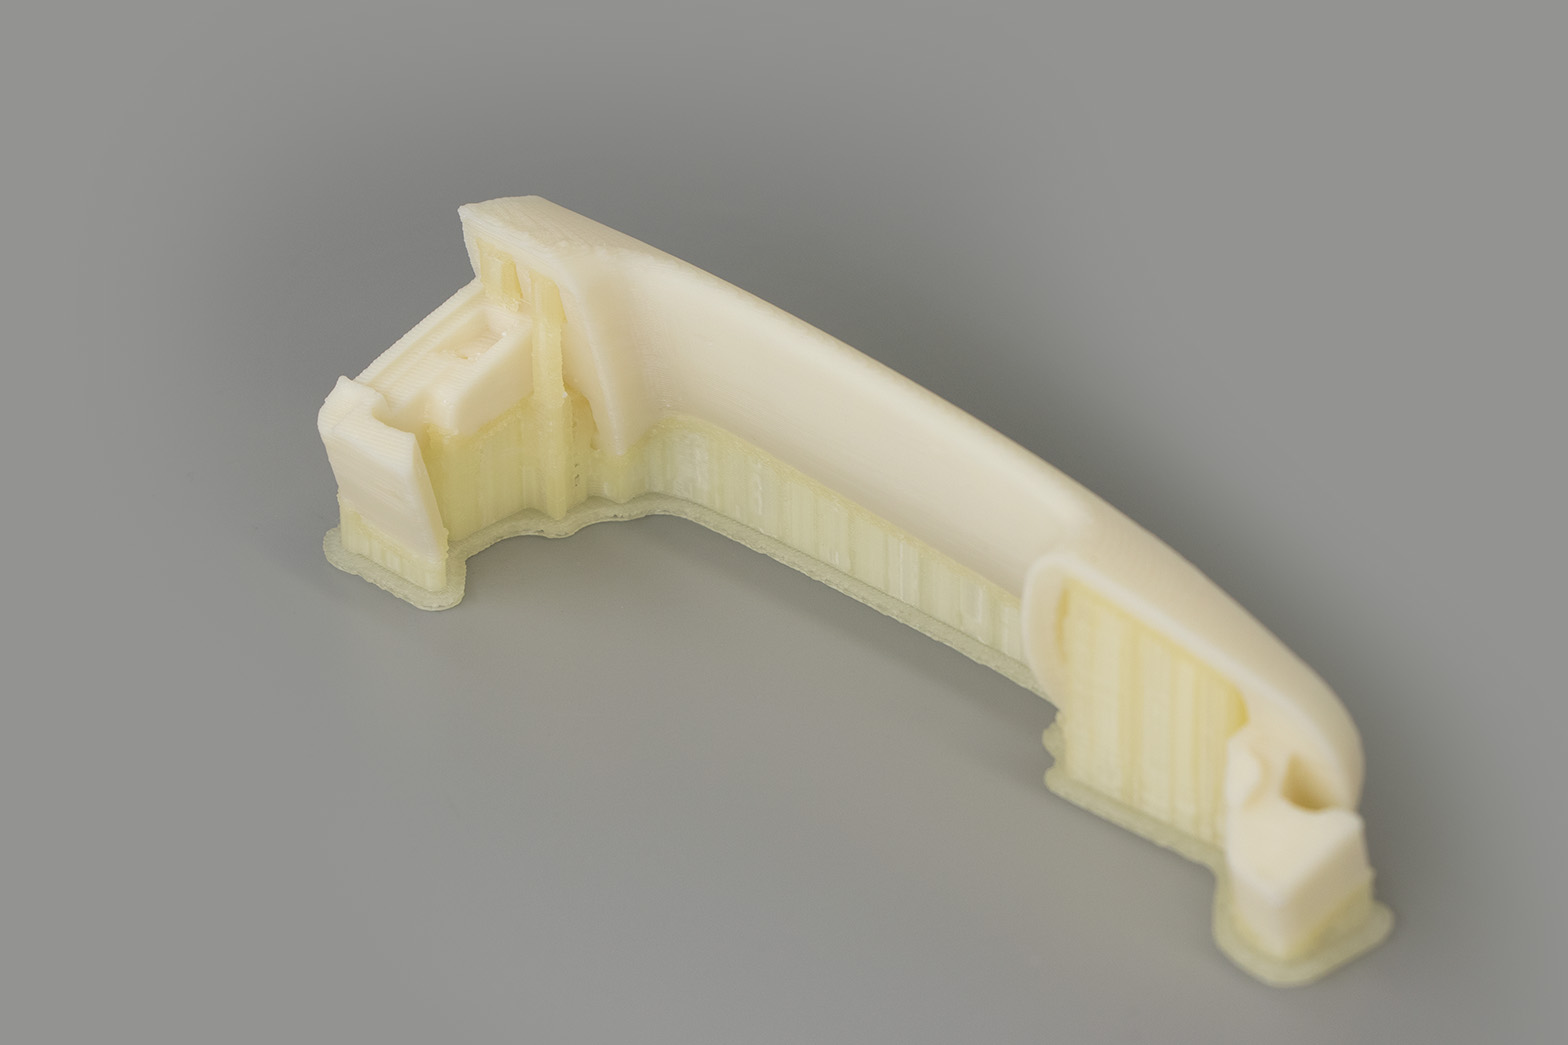 工业3D打印机|桌面级3D打印机厂家|专业3D打印材料公司-上海远铸智能
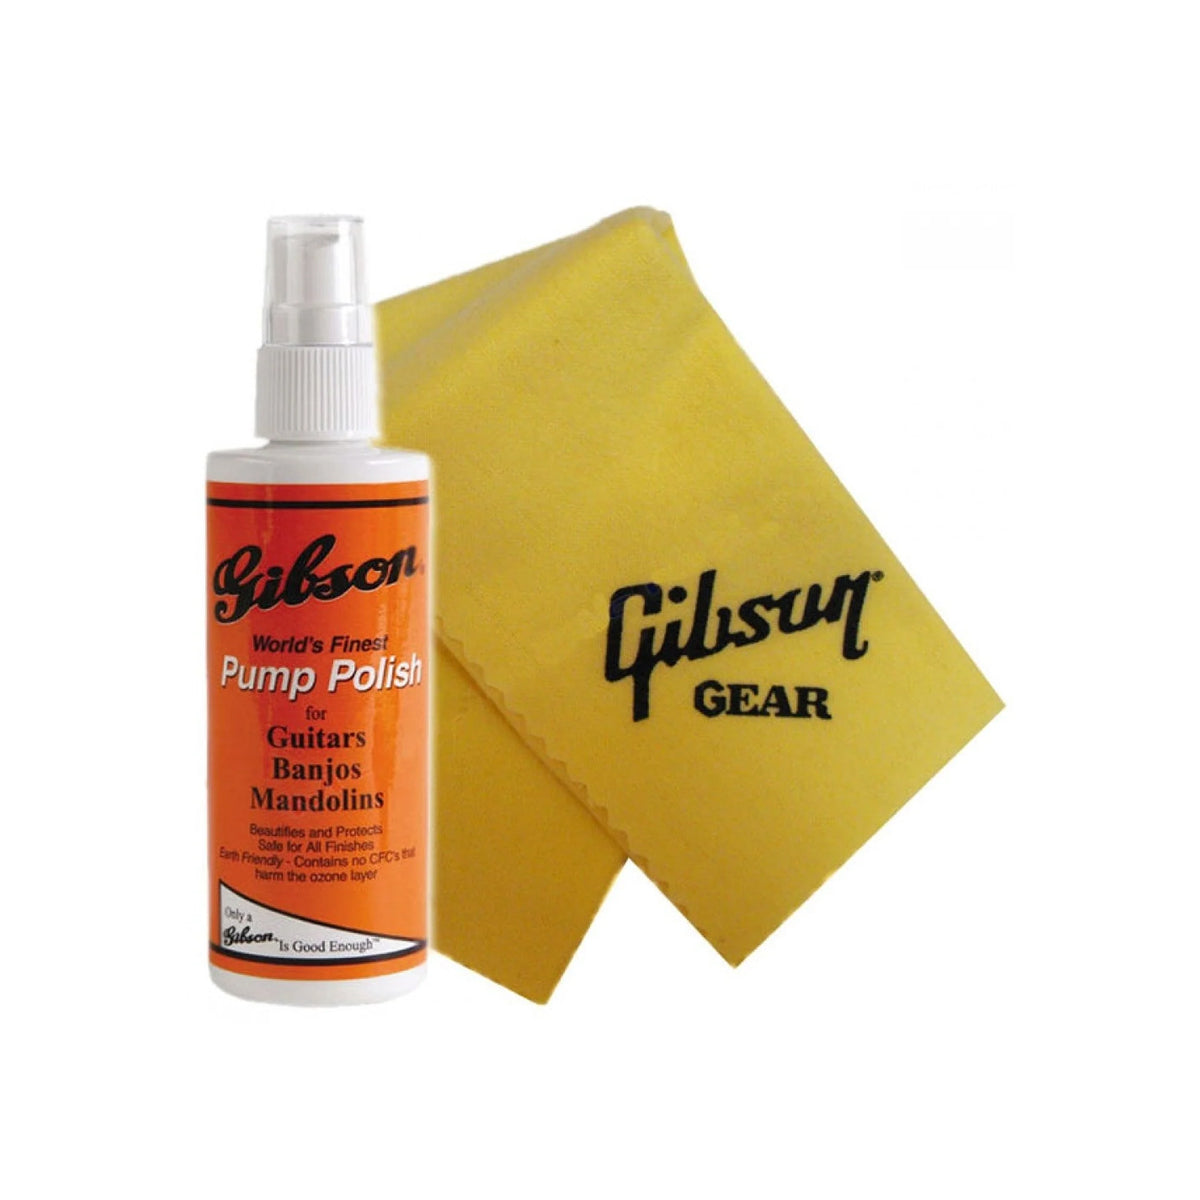 Gibson AIGG-950 Pump Polish And Standard Polish Cloth Combo
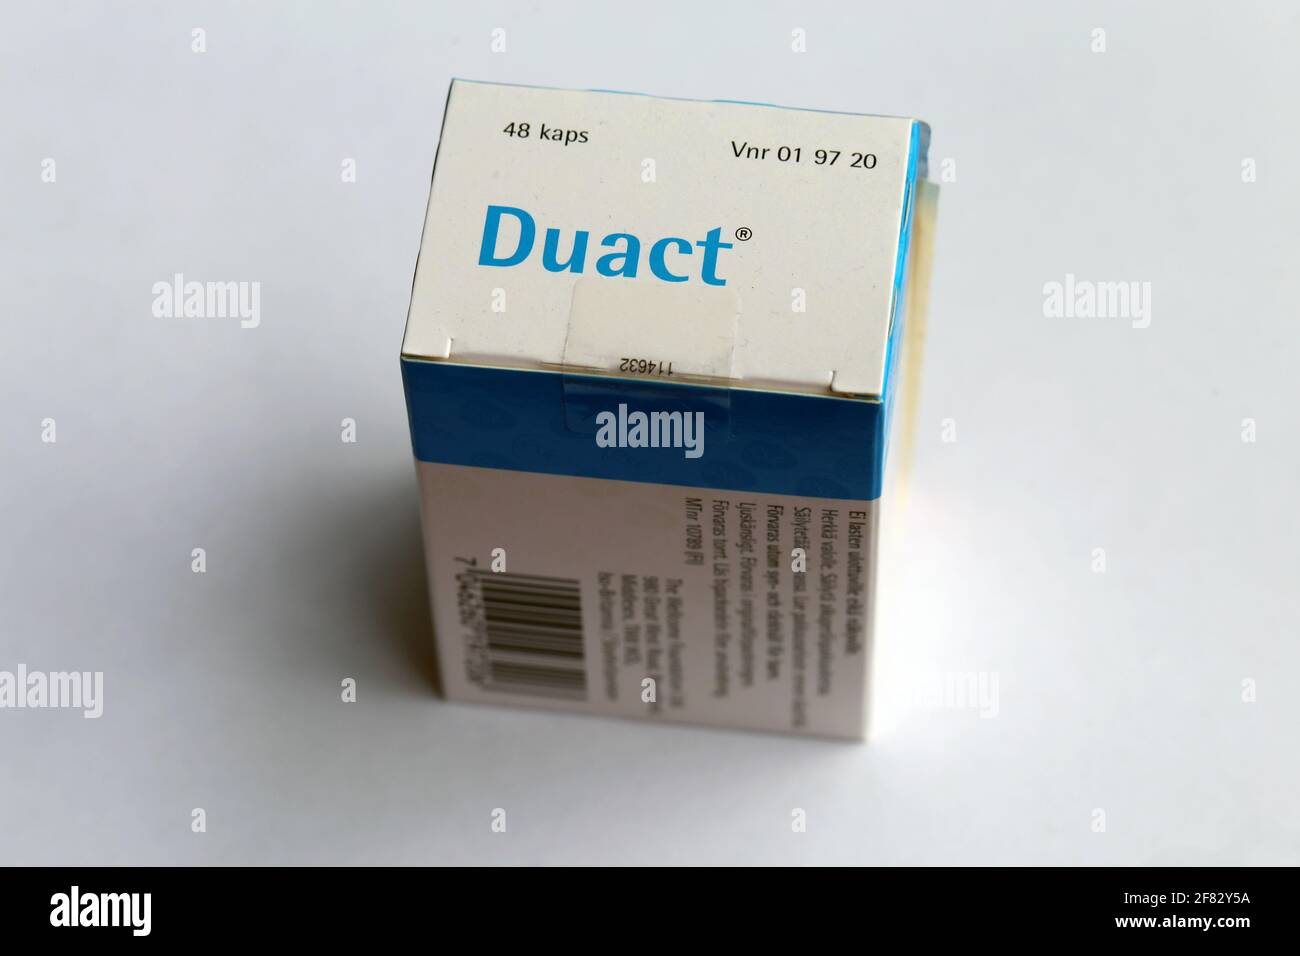 Duact-Kapseln - Allergie- und Kältemittel einschließlich Acrivastin 8 mg und Pseudoephroedin-Hydrochlorid 60 mg. Kann als Stimulans missbraucht werden. Stockfoto
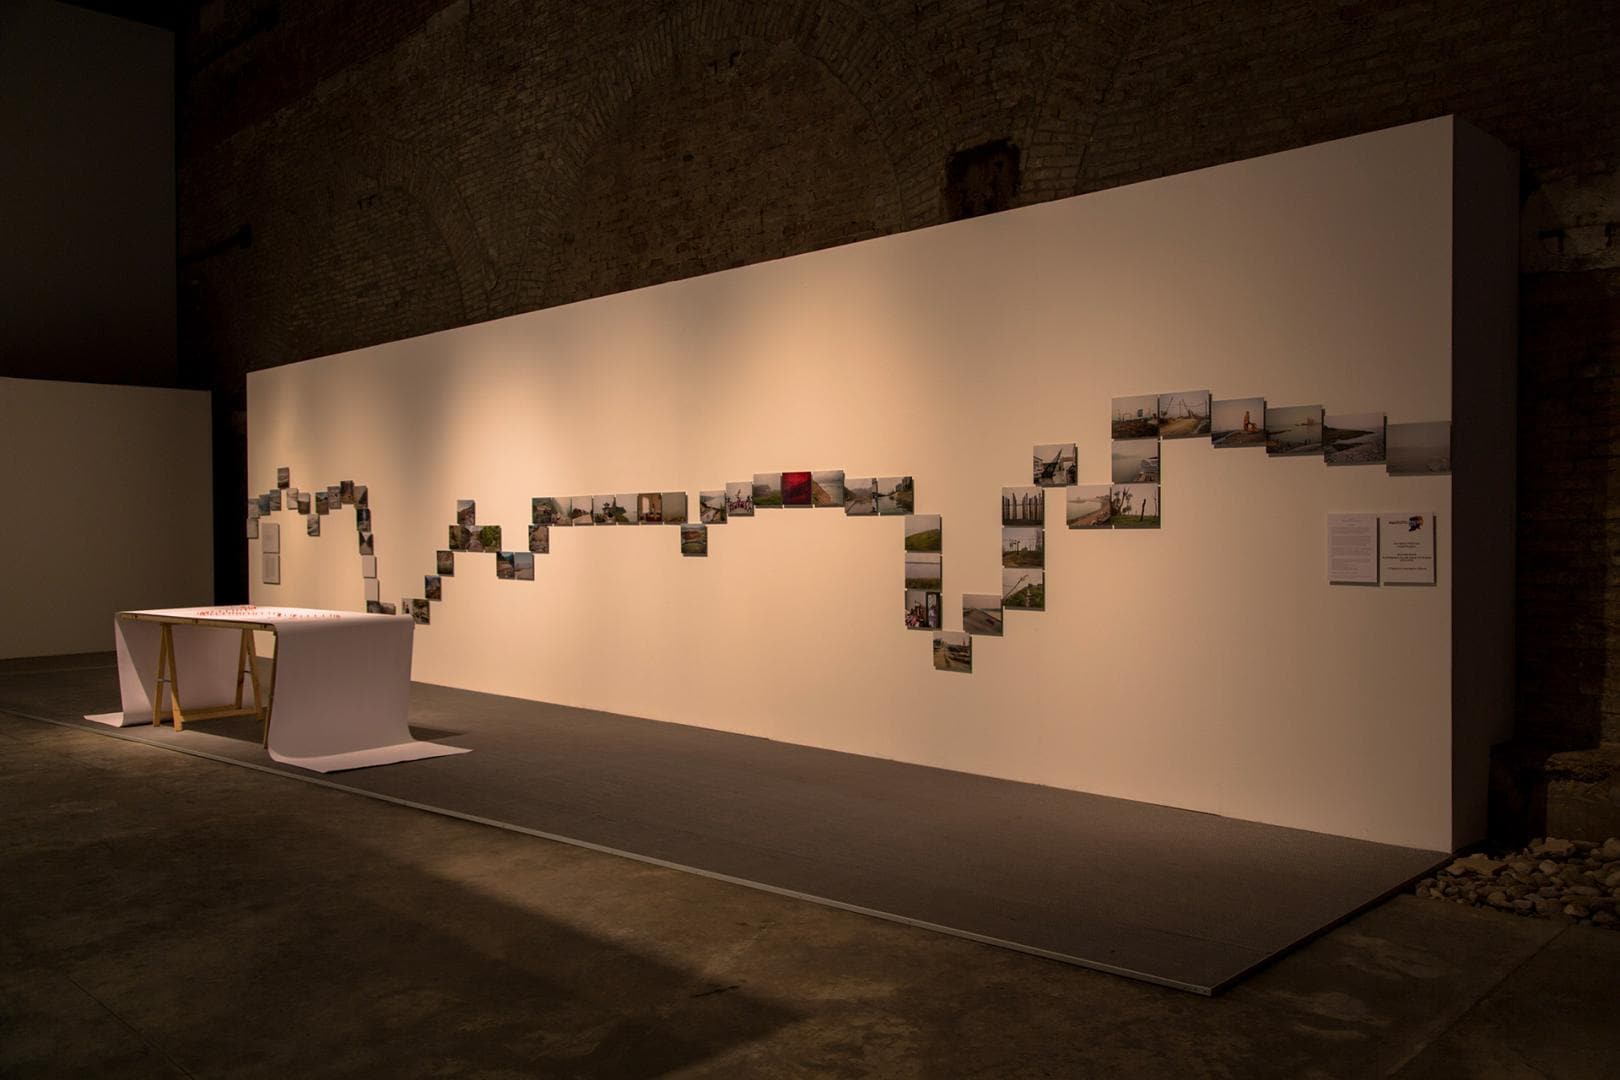 Yan Wang Preston @ Biennale Arte 2015
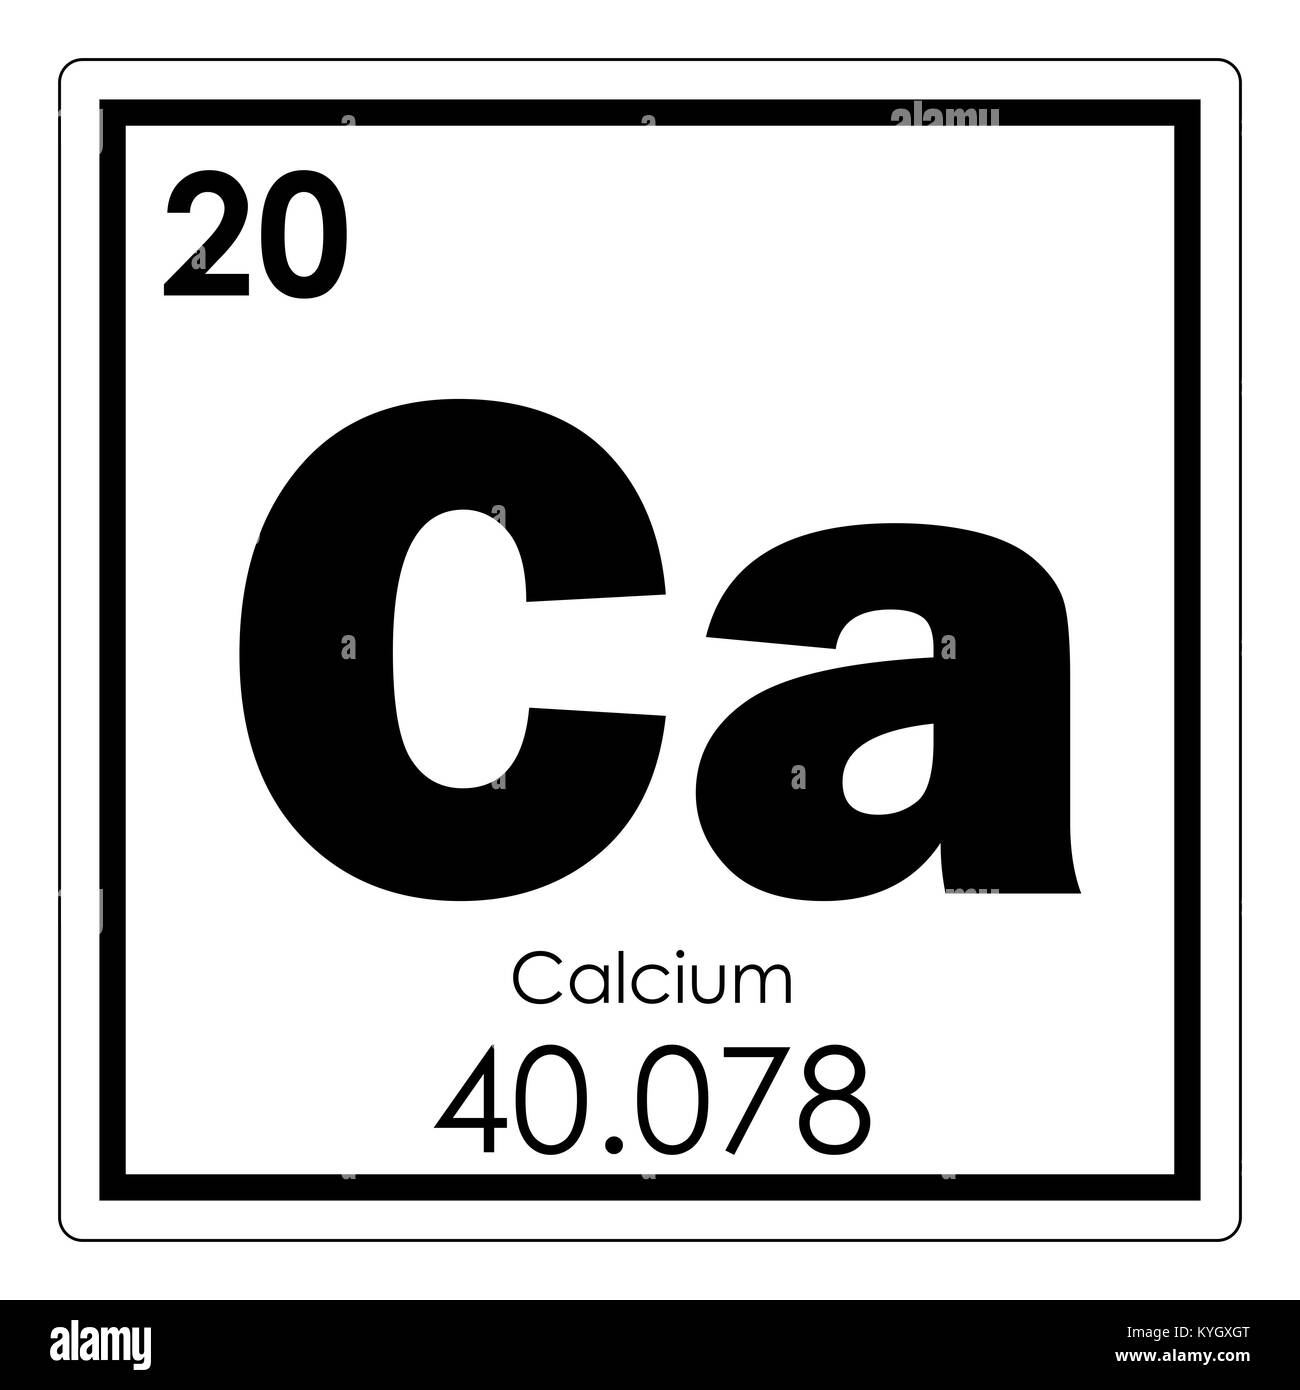 Calcium chemical element periodic table science symbol Stock Photo

- - -

Please write out only the material above, exactly, from its first line through the line that contains "Yan Wang Preston @ Biennale Arte 2015", and include no pictures.

Finished exercise:
 工业3D打印机|桌面级3D打印机厂家|专业3D打印材料公司-上海远铸智能
 Gibson AIGG-950 Pump Polish And Standard Polish Cloth Combo
 Duact-Kapseln - Allergie- und Kältemittel einschließlich Acrivastin 8 mg und Pseudoephroedin-Hydrochlorid 60 mg. Kann als Stimulans missbraucht werden. Stockfoto
 Yan Wang Preston @ Biennale Arte 2015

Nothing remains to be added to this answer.